- **Your goal**: In the copy, include every entry exactly but none of the pictures.

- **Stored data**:

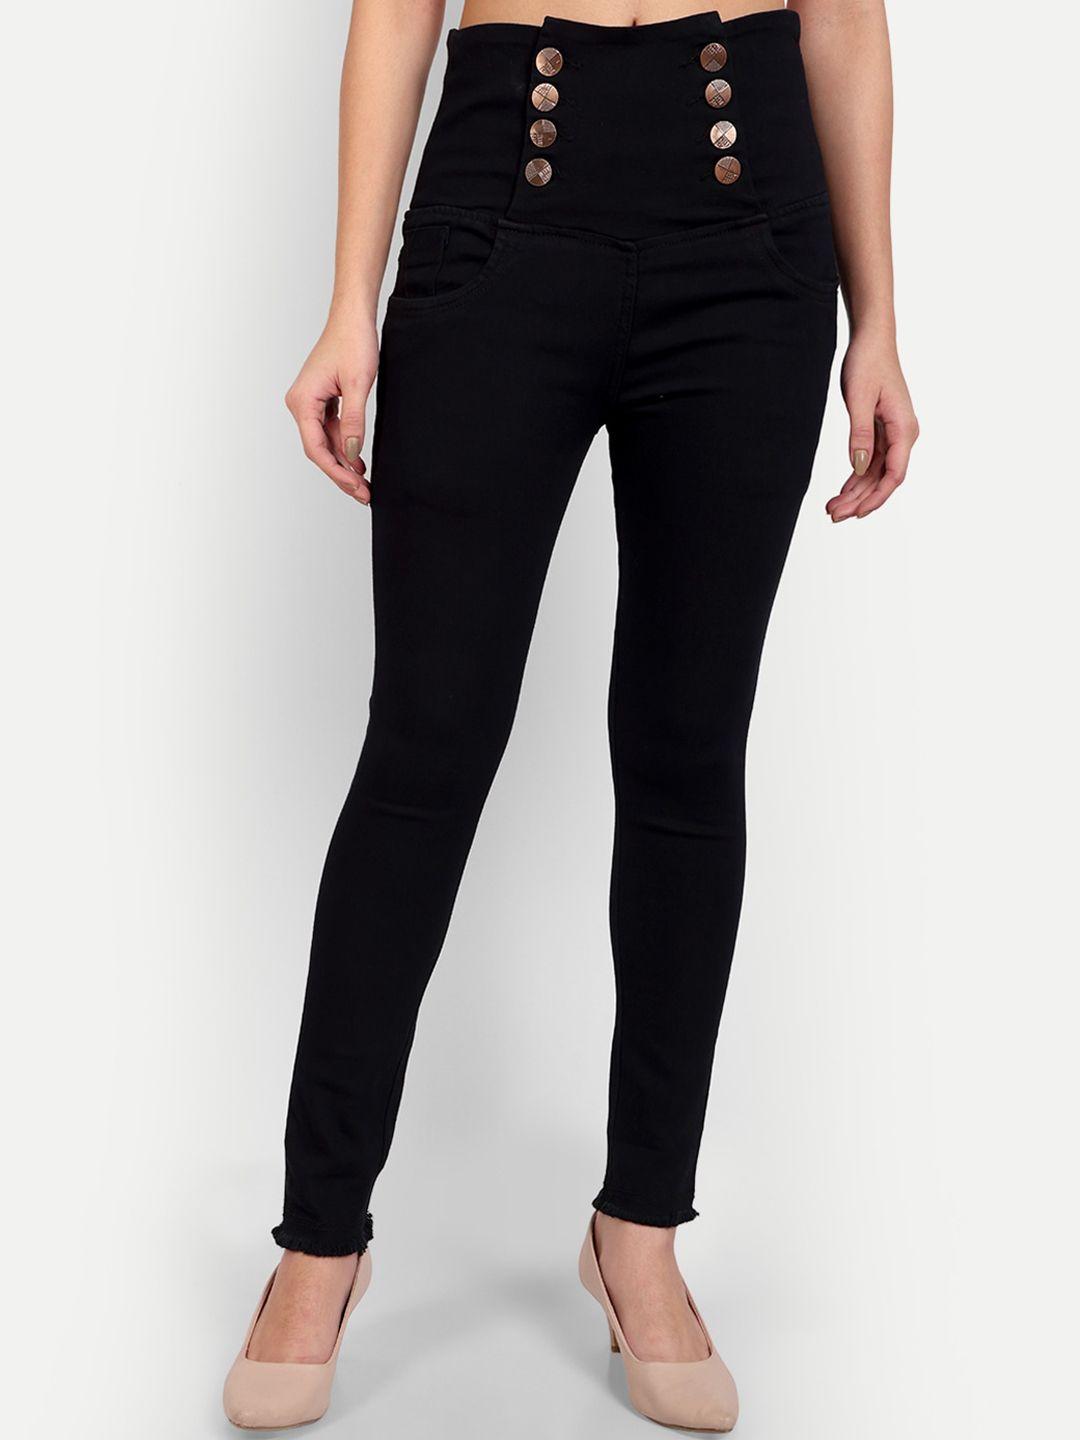 baesd women black jean high-rise stretchable jeans
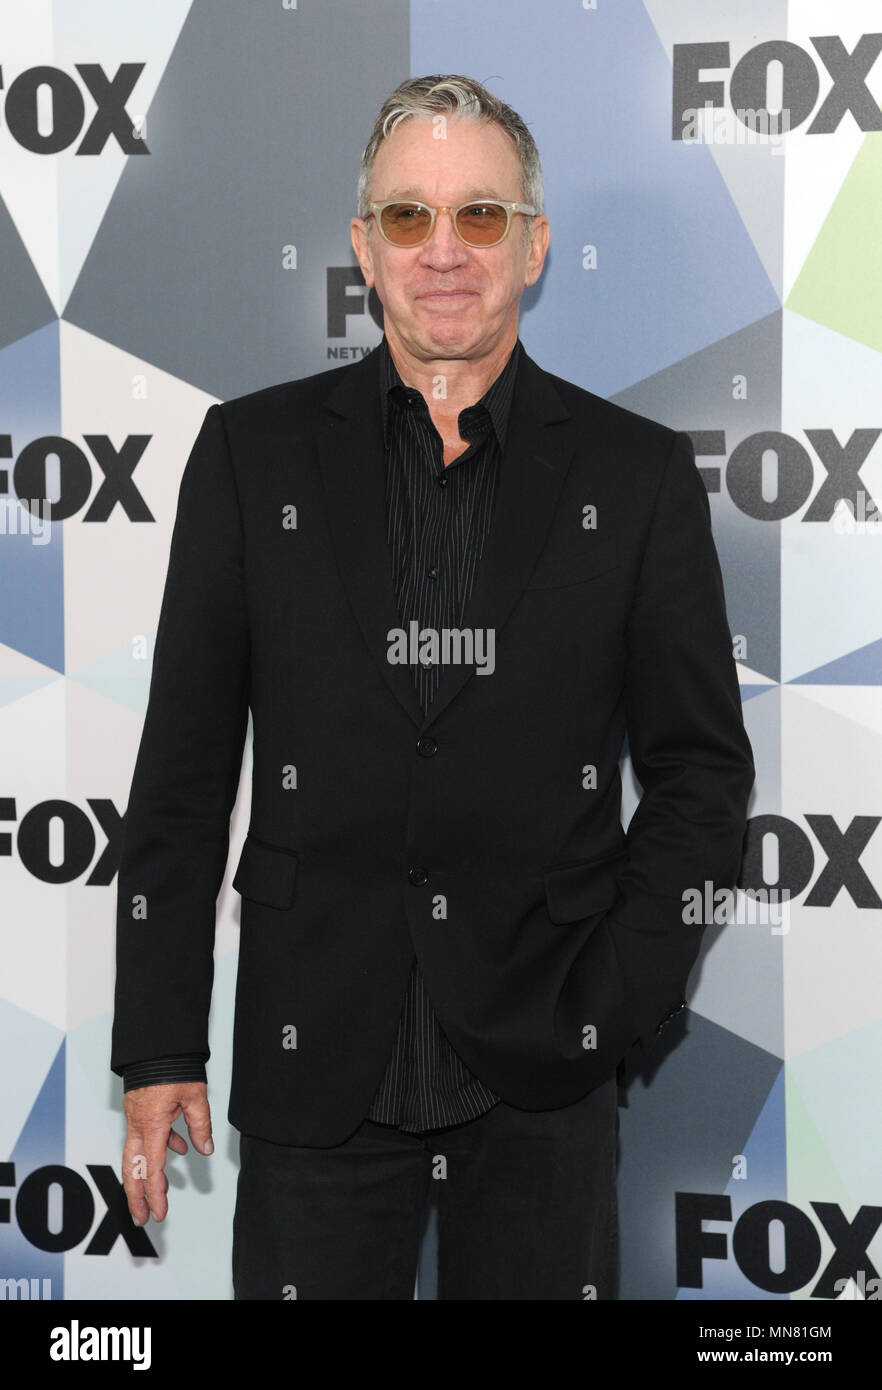 NEW YORK, NY - MAY 14: Tim Allen at the 2018 Fox Network Upfront at Wollman Rink, Central Park on May 14, 2018 in New York City. Credit: John Palmer/MediaPunch Stock Photo
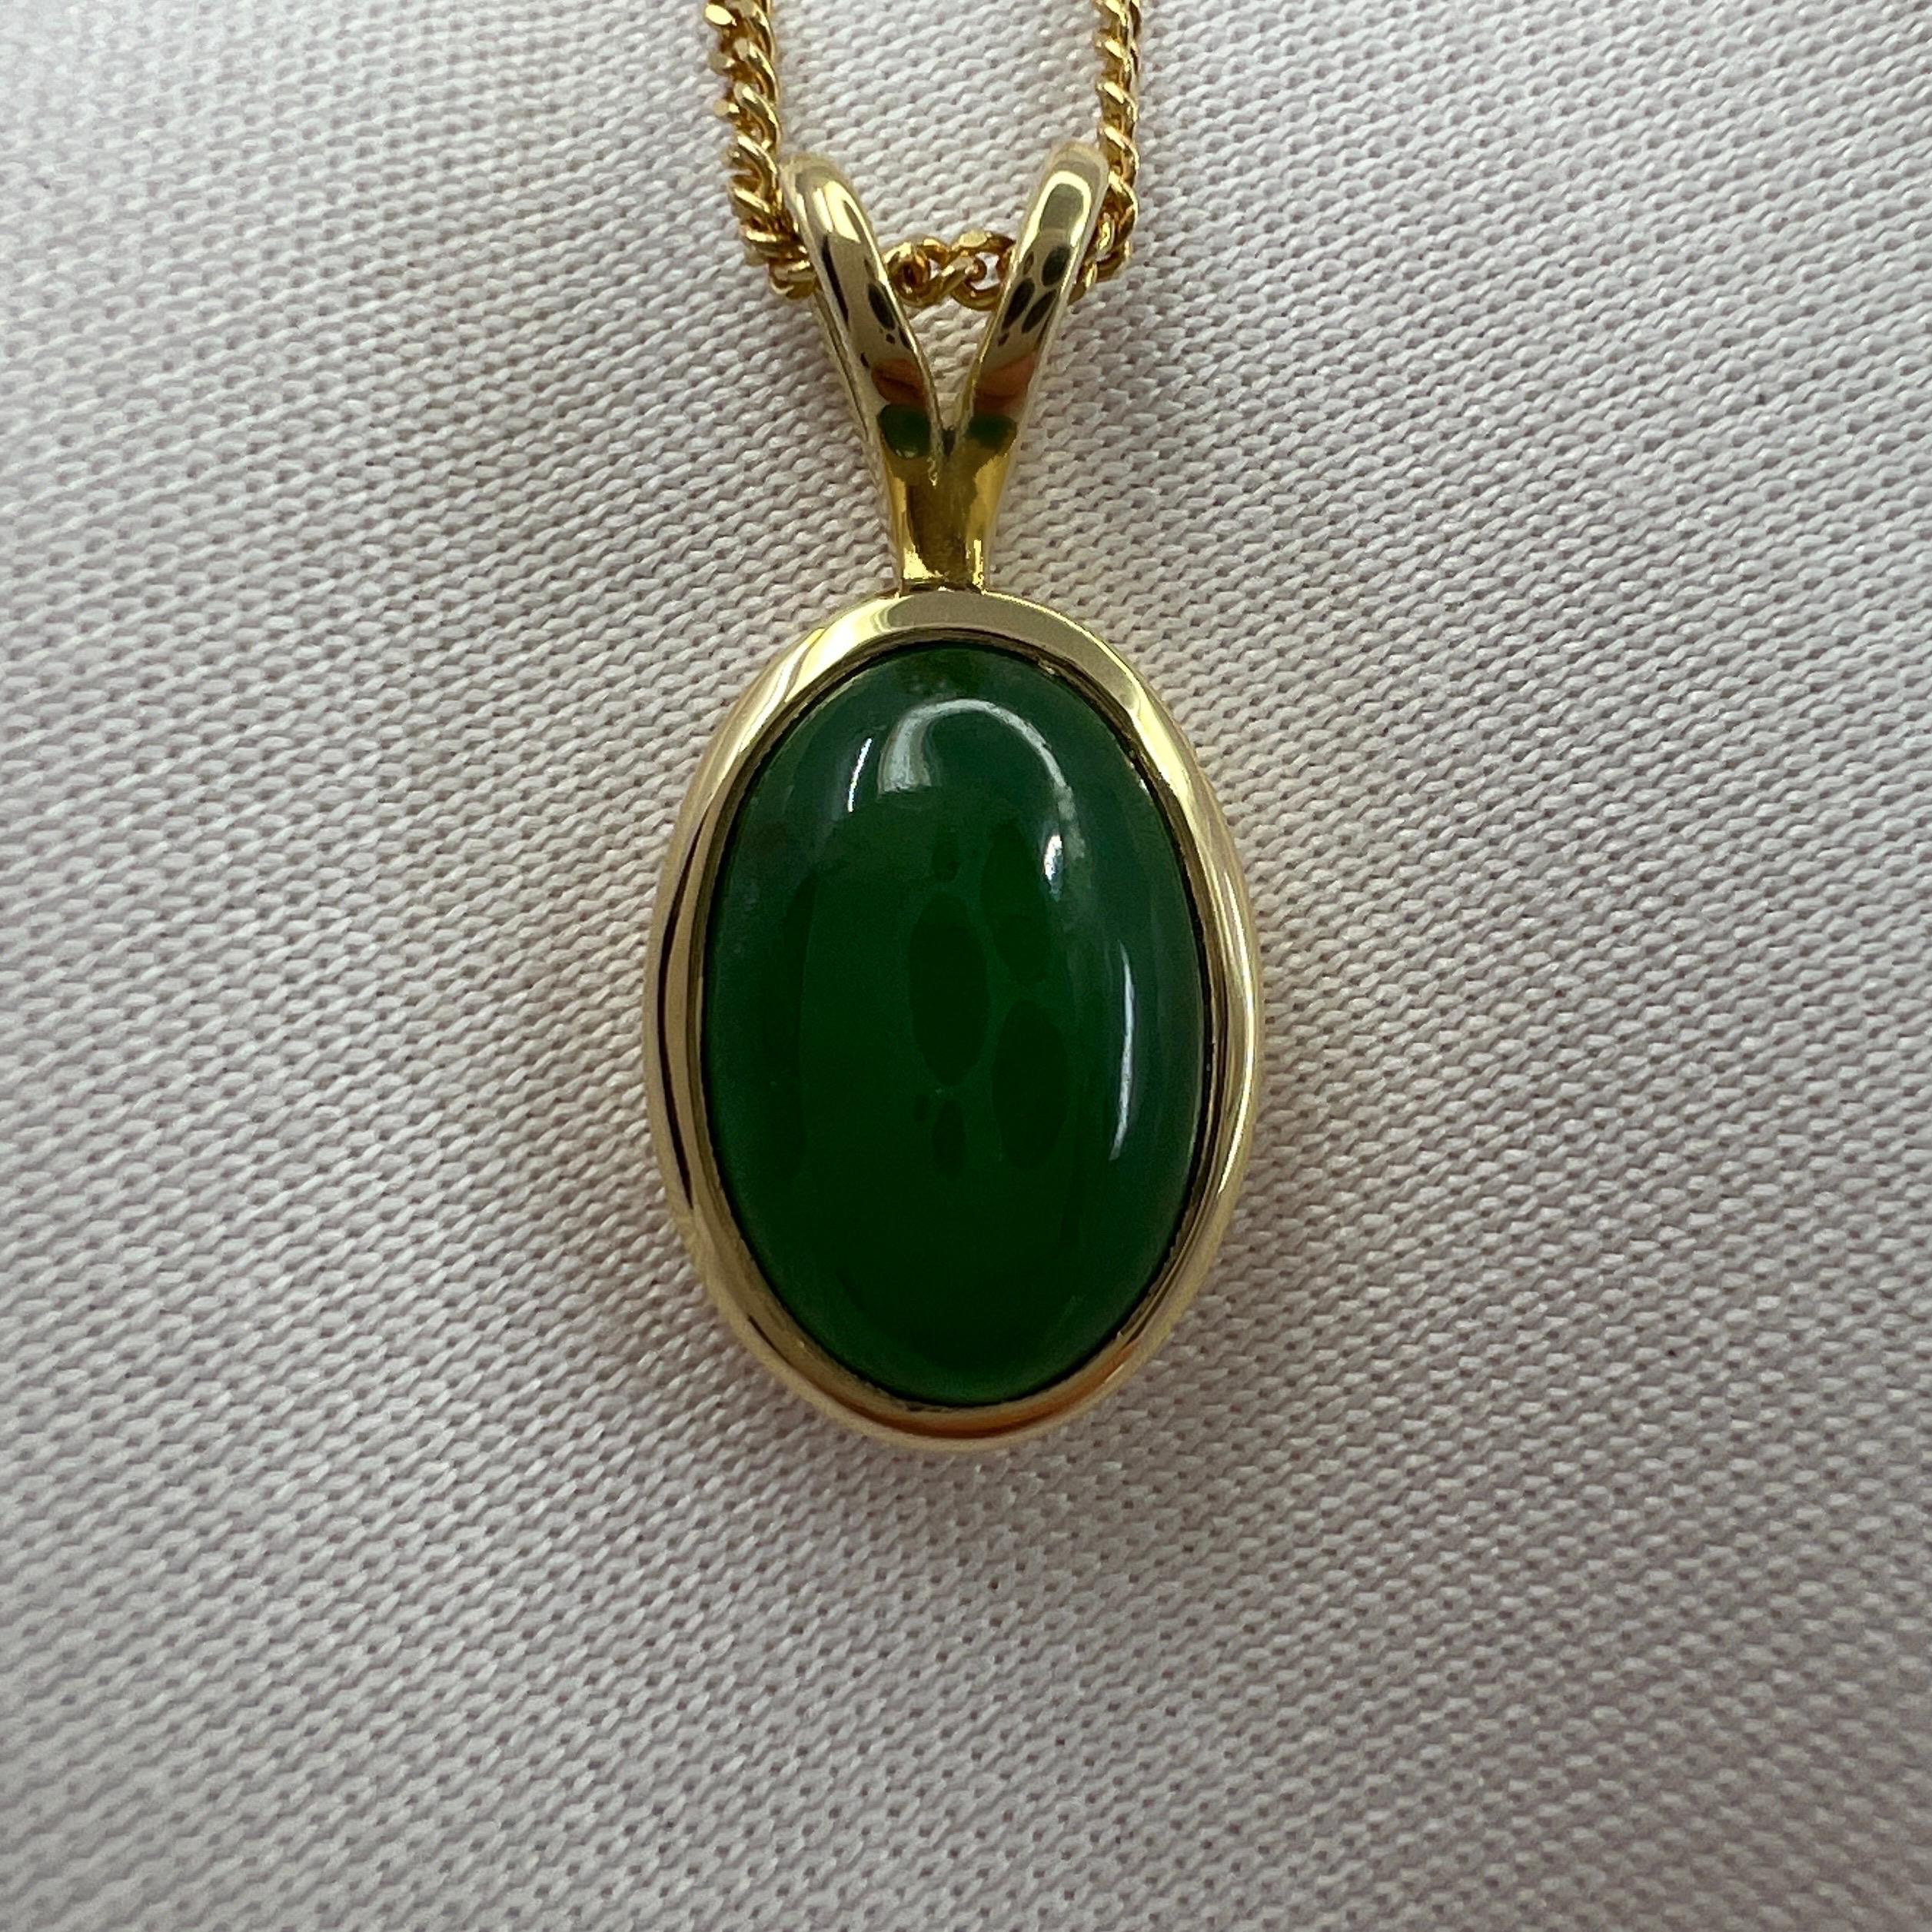 Rare GIA Certified Untreated Jadeite Jade A-Grade Green Pendant Necklace.

Fine 2.08 carat beautiful untreated jadeite stone with a fine green colour and excellent oval cabochon cut. 

Fully certified by GIA as natural colour, no impregnation and A

- **Task solution**:
 baesd women black jean high-rise stretchable jeans
 NEW YORK, NY - MAY 14: Tim Allen at the 2018 Fox Network Upfront at Wollman Rink, Central Park on May 14, 2018 in New York City. Credit: John Palmer/MediaPunch Stock Photo
 Rare GIA Certified Untreated Jadeite Jade A-Grade Green Pendant Necklace.

Fine 2.08 carat beautiful untreated jadeite stone with a fine green colour and excellent oval cabochon cut. 

Fully certified by GIA as natural colour, no impregnation and A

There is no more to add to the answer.